3. Temporal perception of fine grains
For questions focusing on motion or sequences within a short clip, single frame sampling will not cut it. The model needs to perceive dynamics between frames. This will investigate whether long context processing retains temporary fidelity.
example:
How many times did the man swing his x? (a) 1 (b) 2 (c) 3 (d) 4 (e) 5 (f) 6
With different video lengths and different needle placement, TimeScope measures how much video your model can actually process, indicating that performance decreases as the video gets longer.
Ratings and Leaderboards
To get things started, I ran timescopes on a range of major vision language models, from open source favorites to juggernauts like Gemini 2.5-pro. The results highlight the value of the benchmark. Even models who claim to handle long videos well still struggle with actual long video tasks. These findings reveal clear patterns – performance cliffs around a particular period, weaknesses in static search and motion analysis, and paving the way for target improvement in model training. For detailed results and visualization, see the embedding embedding face spaces above.
What did we learn?
Model sizes are not all. The QWEN 2.5-VL 3B and 7B, and the INTENVL 2.5 model with 2B, 4B, and 8B parameters exhibit long, indistinguishable video curves for smaller counterparts. They are all plateaus with roughly the same context length, simply indicating that the scaling parameters do not automatically grant longer temporal horizons.
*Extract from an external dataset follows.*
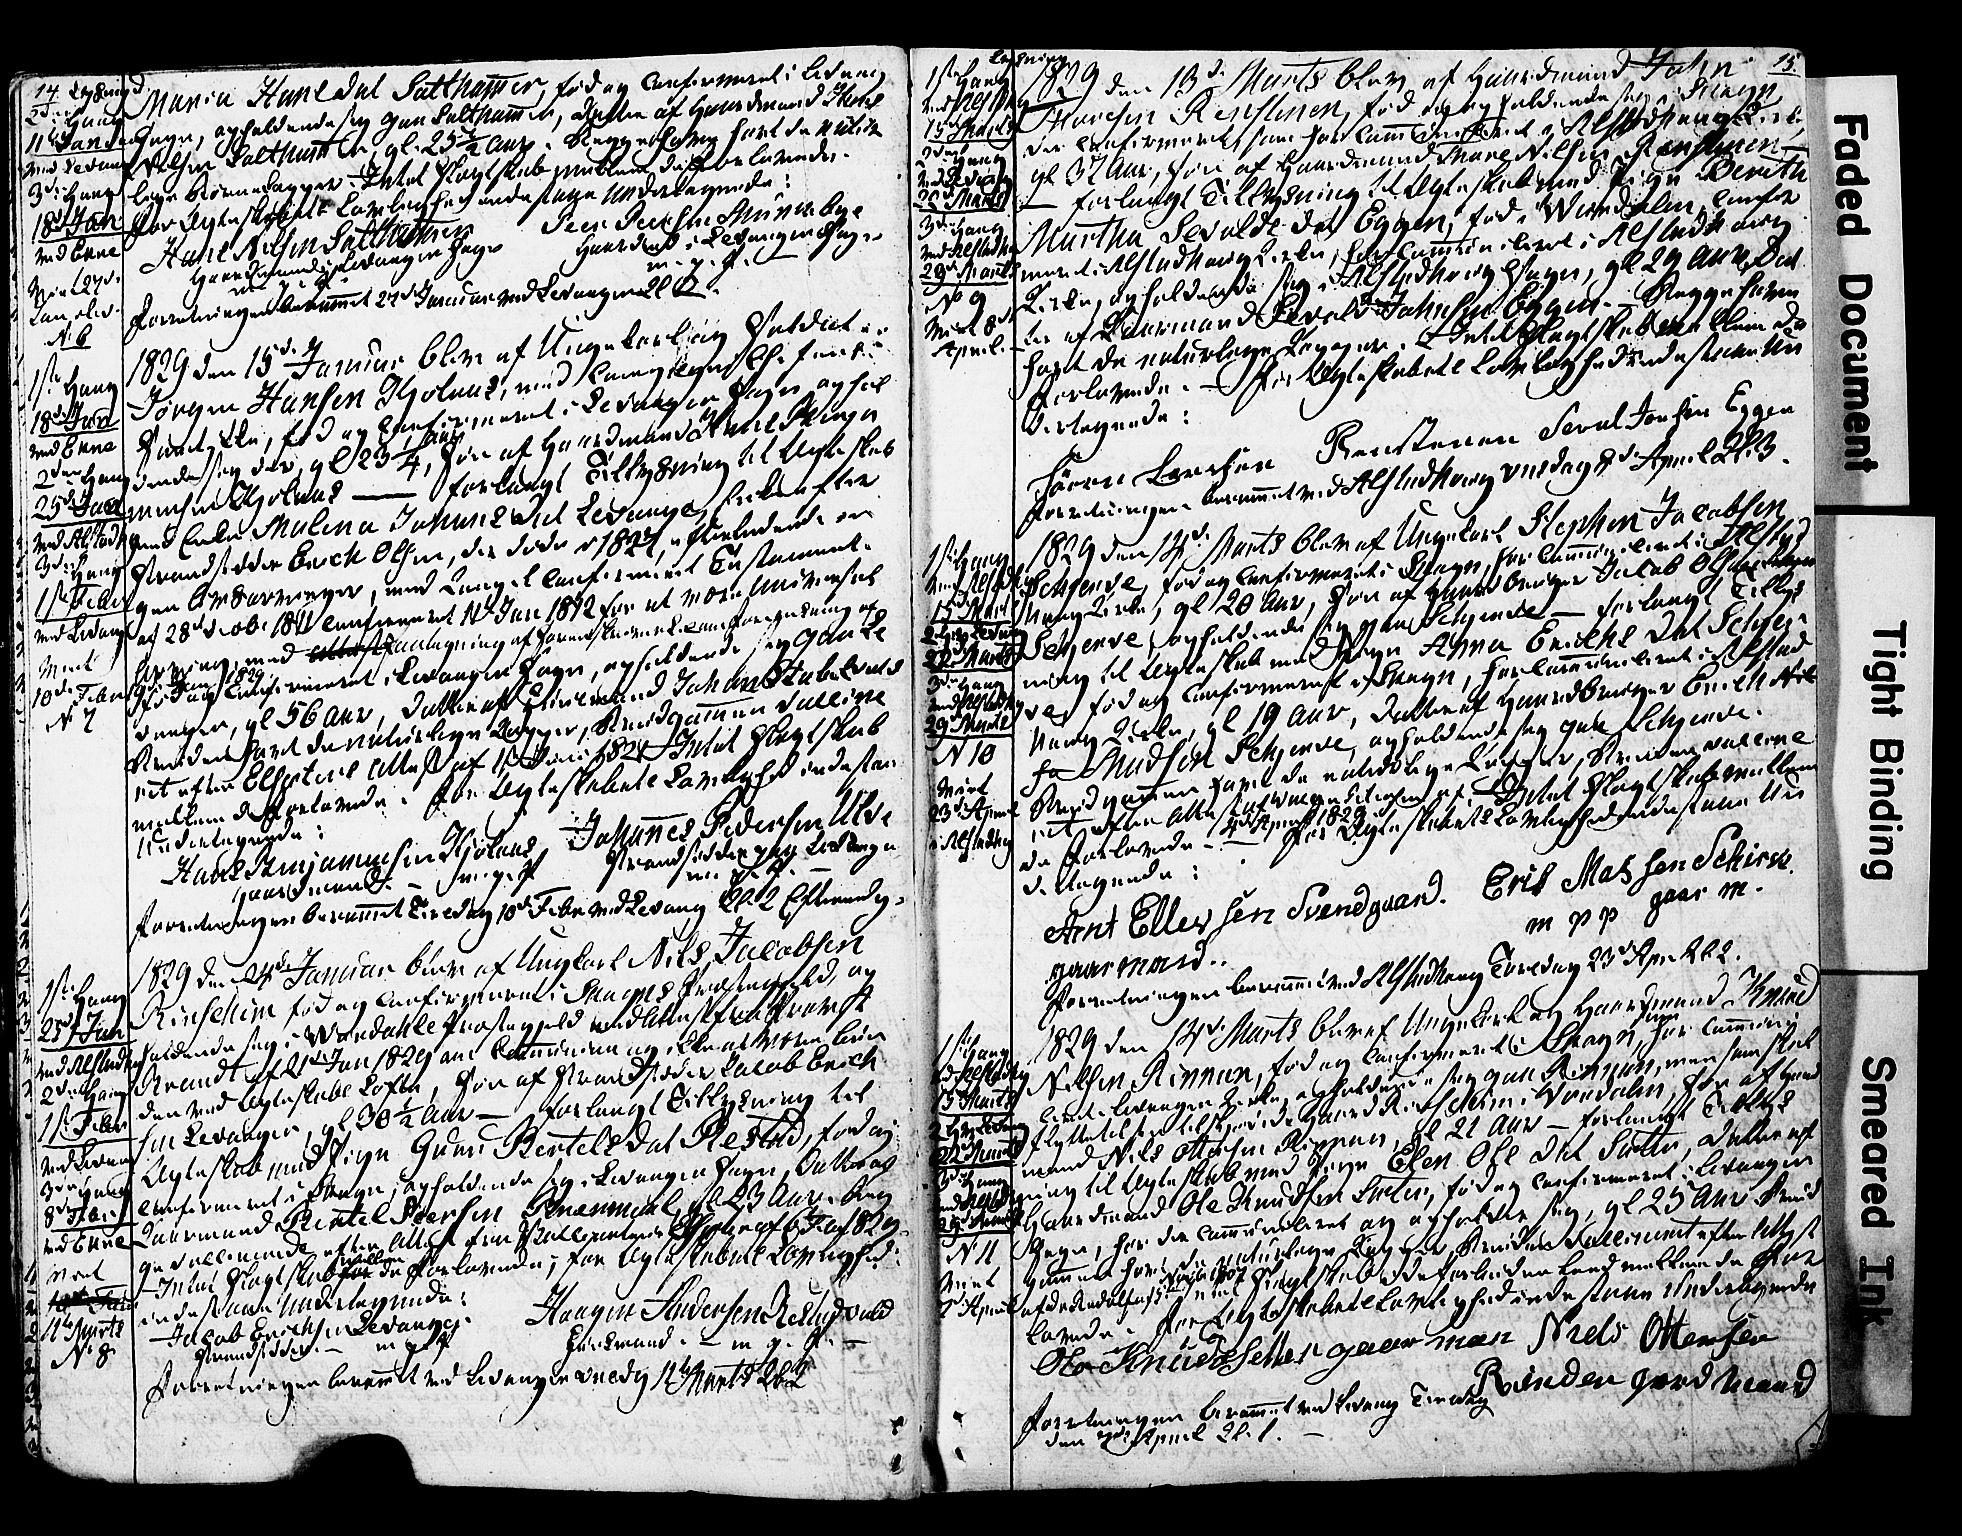 SAT, Ministerialprotokoller, klokkerbøker og fødselsregistre - Nord-Trøndelag, 717/L0160: Forlovererklæringer nr. 717A10, 1828-1850, s. 14-15

The Gemini 2.5-Pro is in its own league. This is the only model that maintains powerful accuracy over an hour of video.
Task-wide trade-offs are important. Qwen 2.5-VL shines in Information Synthesis (OCR) tasks (distributed text snippet identification and ordering).
Conclusion – Raise the long video AI bar
Timescopes show that “an hour of video understanding” is still a slogan than reality. By revealing where even cutting-edge models stumble with temporary inference, information integration, and motion recognition, benchmarks invite you to rethink how to train and evaluate multimodal systems.
Run the demo – Explore public spaces: https://huggingface.co/spaces/apollo-lmms/timescope benchmark local – Evaluate any model with two quick commands. Leaderboard – Submit your score to see the model comparison.
We hope this benchmark will help the community make steady and measurable progress towards a model that will better understand video over time.
Open source all the components of TimeScope.